*Required action*:
Your job is to set down the stretch of entries that opens with the line containing "SERIE - Norwich" and closes with the line containing "Condominium for Sale". Keep both end lines, copy each exactly, and add nothing.

*Data for this exercise*:
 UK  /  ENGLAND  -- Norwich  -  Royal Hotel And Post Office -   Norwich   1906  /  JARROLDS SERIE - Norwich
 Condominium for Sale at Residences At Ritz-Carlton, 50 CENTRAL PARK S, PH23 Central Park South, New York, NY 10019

...

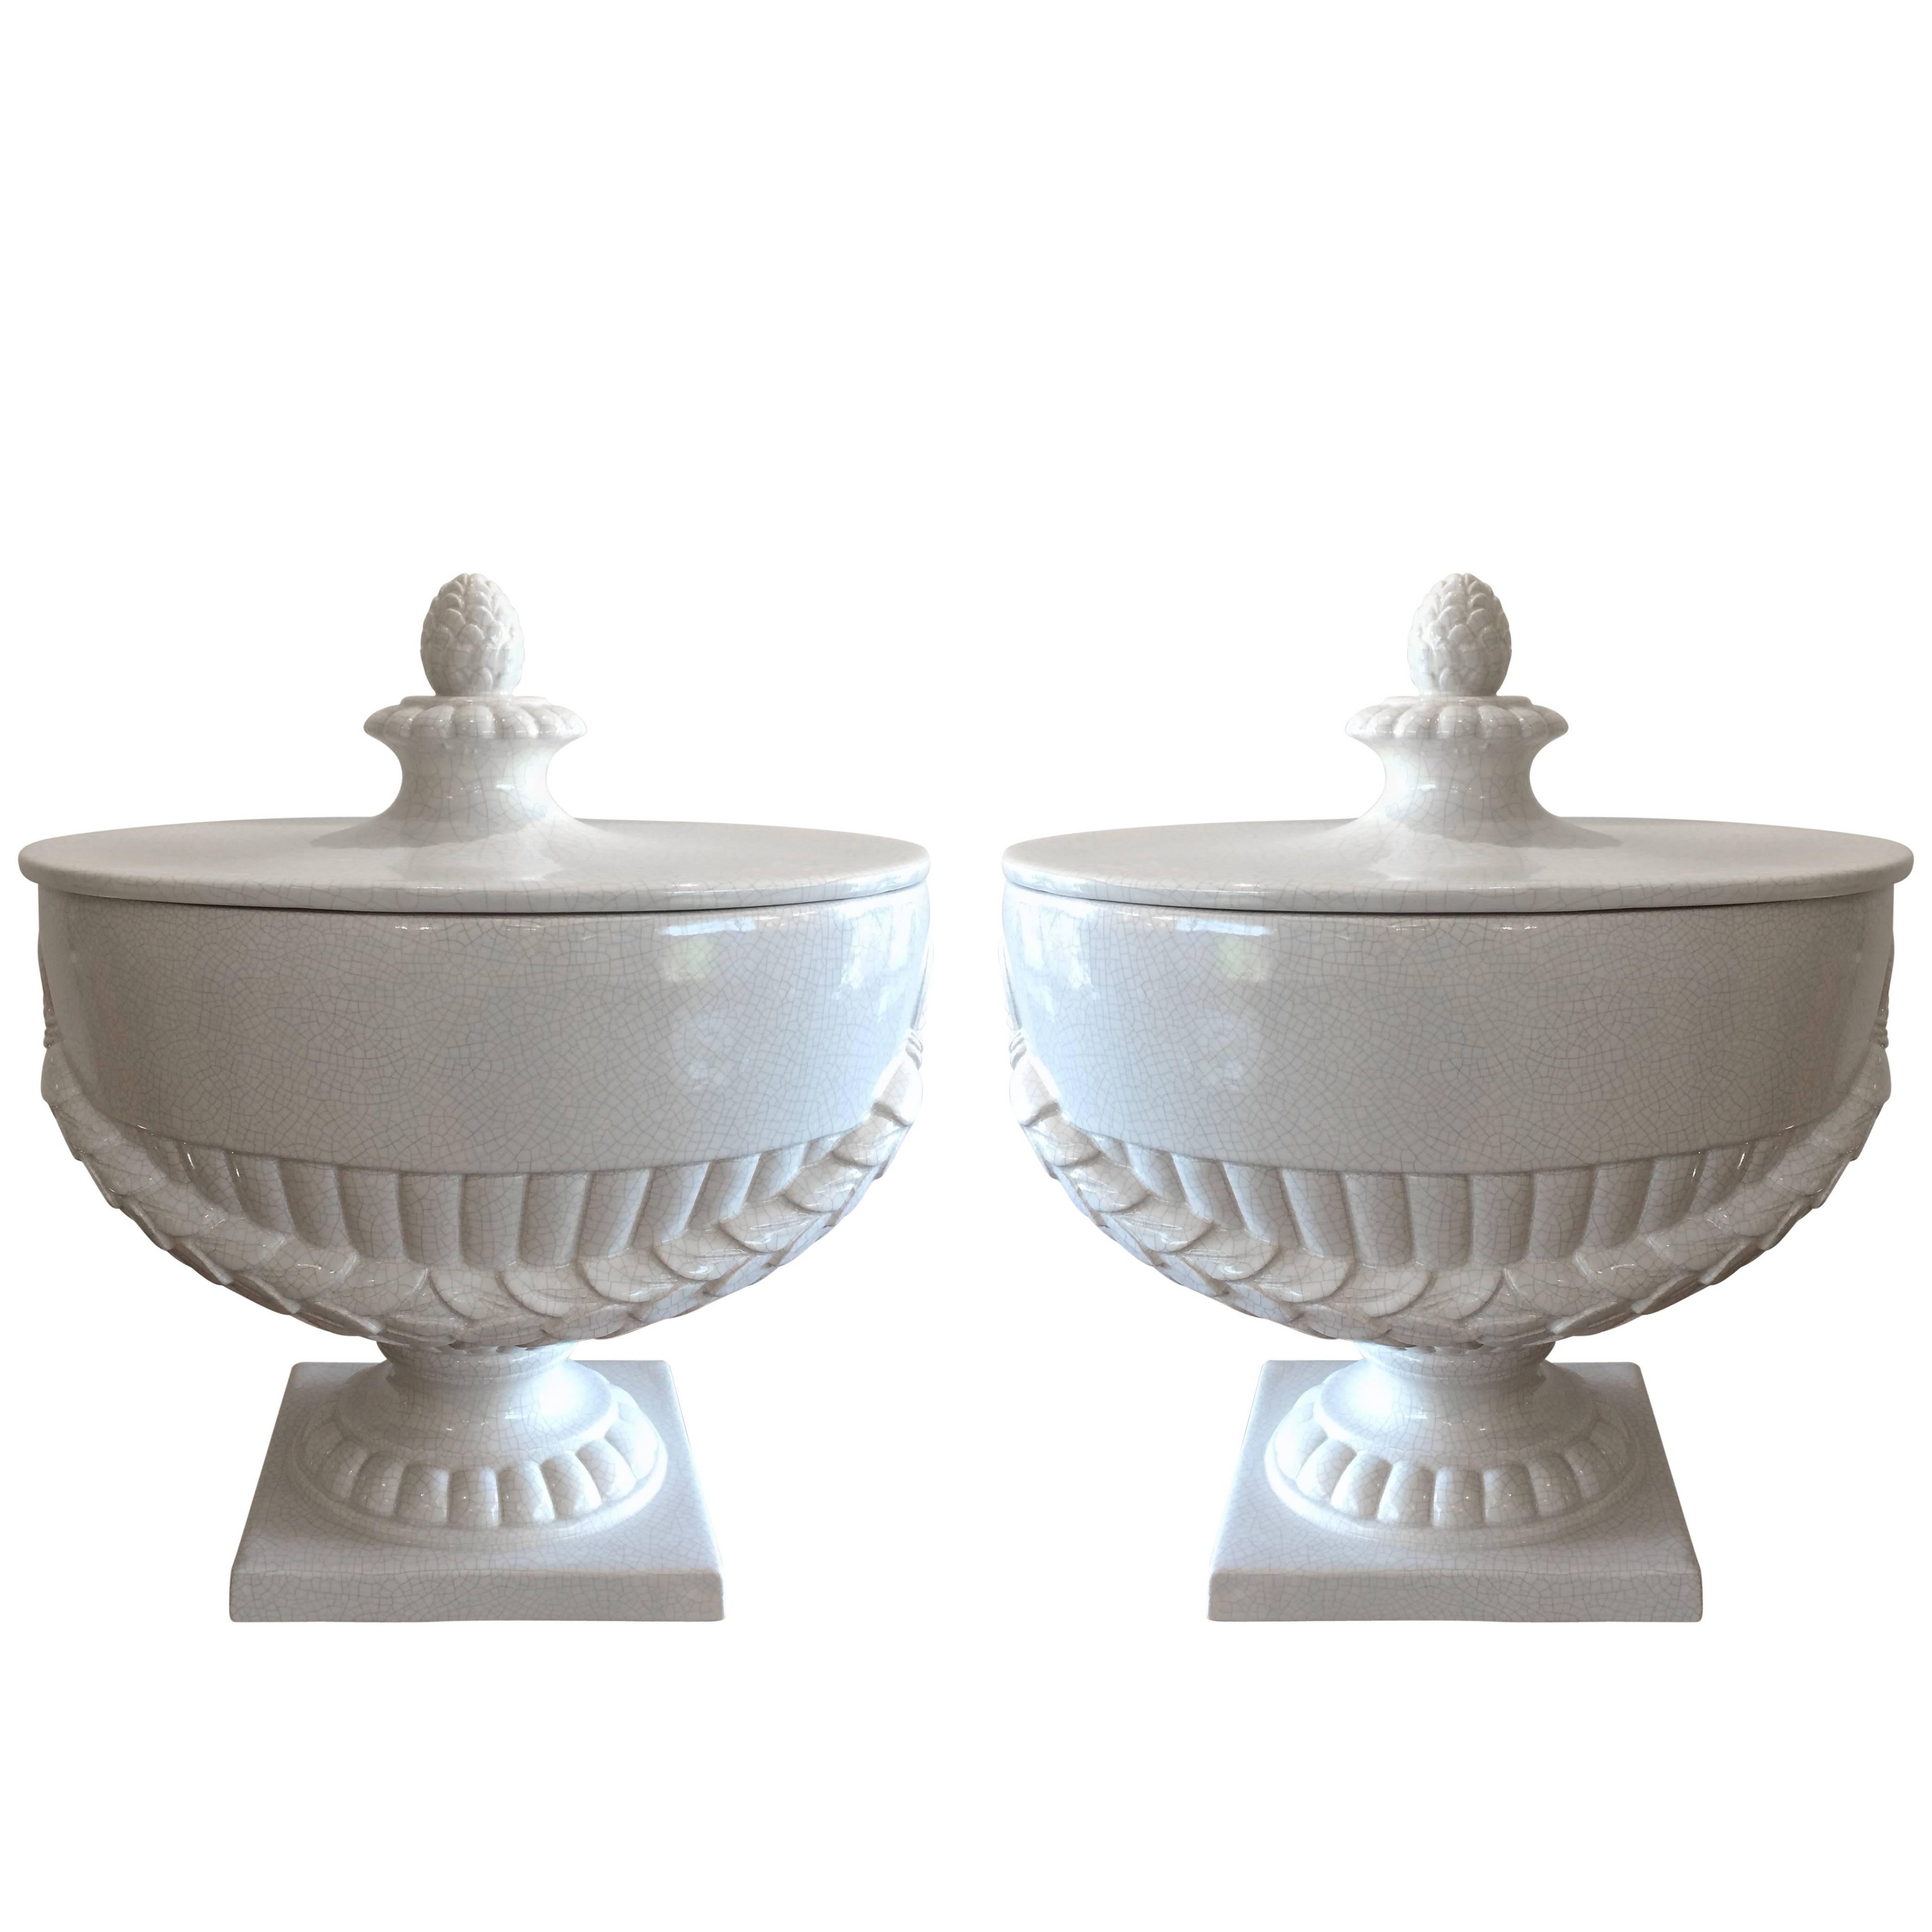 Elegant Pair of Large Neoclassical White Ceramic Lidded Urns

*Reply to the exercise*:
 UK  /  ENGLAND  -- Norwich  -  Royal Hotel And Post Office -   Norwich   1906  /  JARROLDS SERIE - Norwich
 Condominium for Sale at Residences At Ritz-Carlton, 50 CENTRAL PARK S, PH23 Central Park South, New York, NY 10019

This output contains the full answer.